Sunday, July 19, 2009

A probability exercise on the Bernoulli distribution

What is the probability, flipping a coin 8 times, to obtain the sequence HHTTTHTT? (H = head; T= tail)

The theory teaches us that to solve this question, we can simply use the following formula:

$$f(x)=P(X=x)=B(n,p)=\begin{pmatrix}n\\ x \end{pmatrix} \cdot p^x \cdot q^{n-x}=\frac{n!}{x!(n-x)!}$$

To solve a problem like this, we can use in R the function dbinom(x, n, p).
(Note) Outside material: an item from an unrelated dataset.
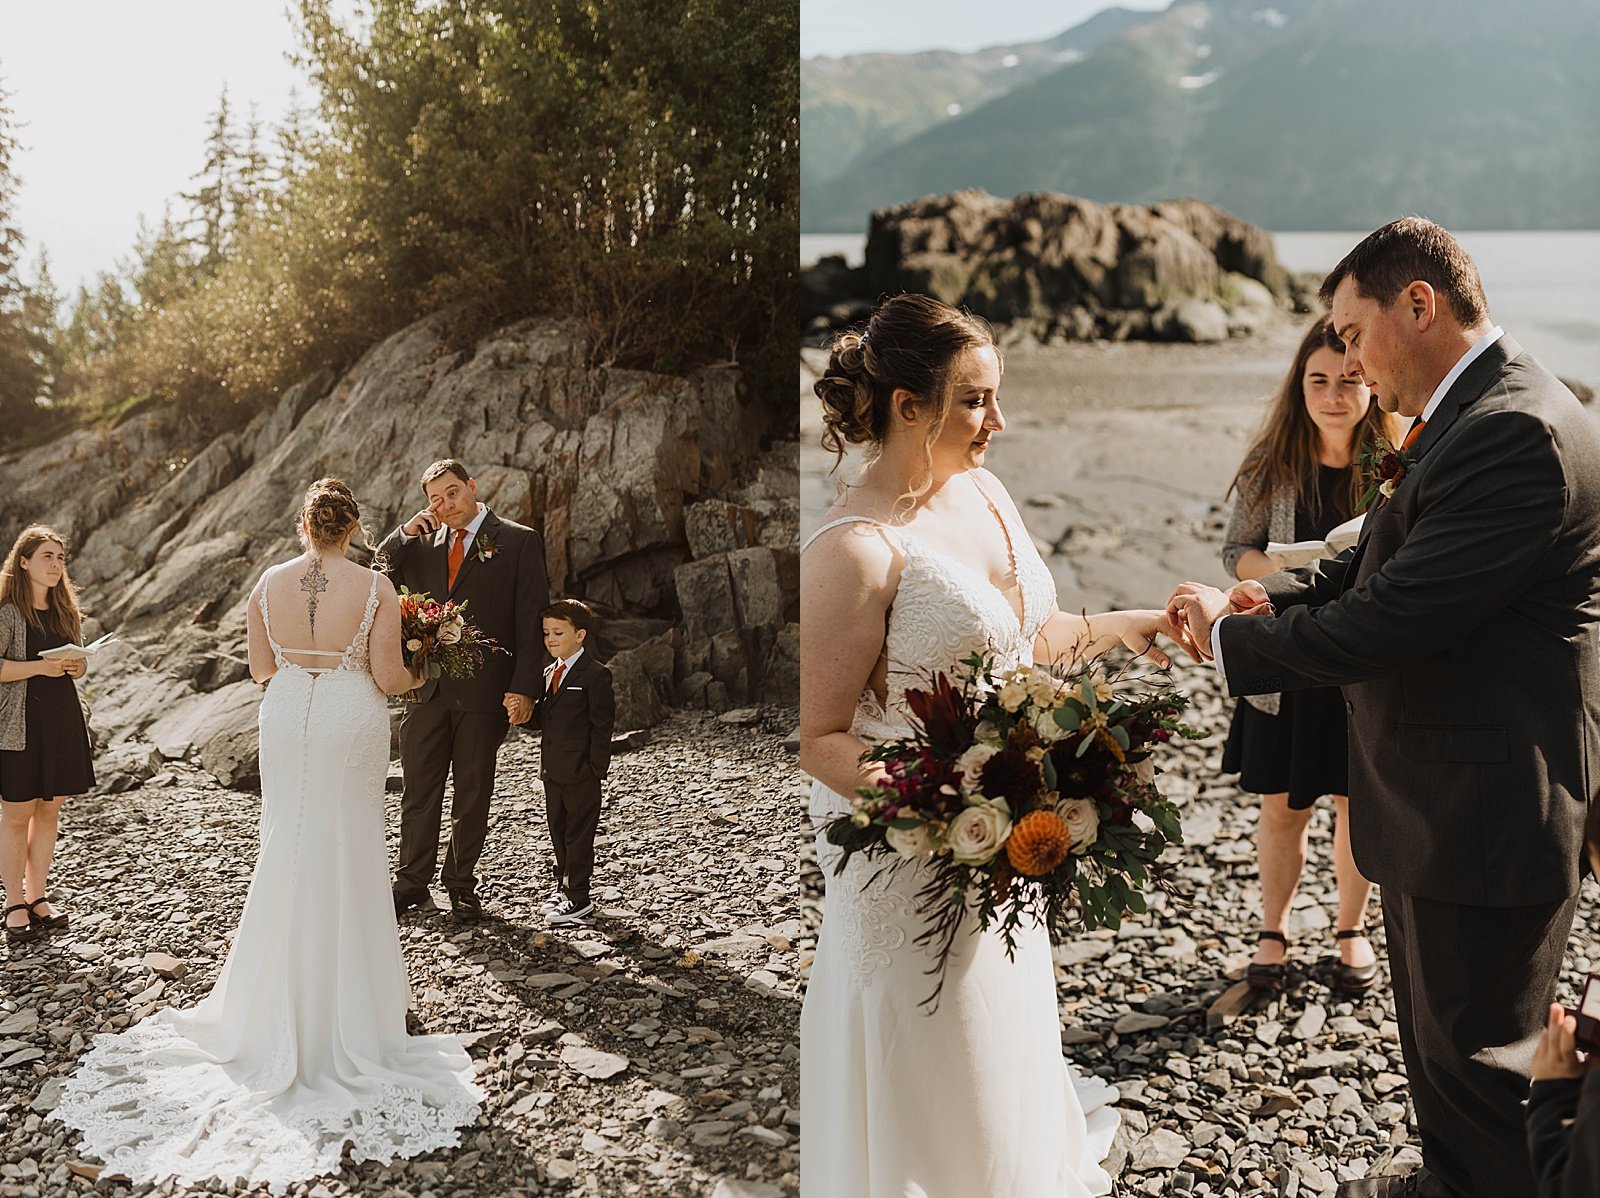  Bride and groom reading vows to each other during intimate beachside wedding in Alaska

The coin flipping follow a binomial distribution, in which every event can be H or T. Suppose that T is the number of successes x (in this case x = 5), while n is the number independet experiments (in this case n = 8). The probability of success is p = 0.5. Put these data into R and get the answer:


dbinom(5, 8, 0.5)
[1] 0.21875


The probability of obtaining that particular sequence is equal to 21,875%.
What probability we would have obtained if we had chosen H as the success (ie by imposing x = 3)?

2 comments:

  1. 2 questions:

    1- trying dbinom(3, 8, 0.5), gives the same result as dbinom(5, 8, 0.5), can you explain why??

    2- Isn't this the probability of any sequence with 5 tails at least in the 8 throws, rather than that specific sequence?

    Thanks

    ReplyDelete
    Replies
    1. answer for 2, yes, you are right. The article is wrong.
      answer for 1, because the prob. of having 5 tails is the same of having 5 heads (which is the case of 3 tails)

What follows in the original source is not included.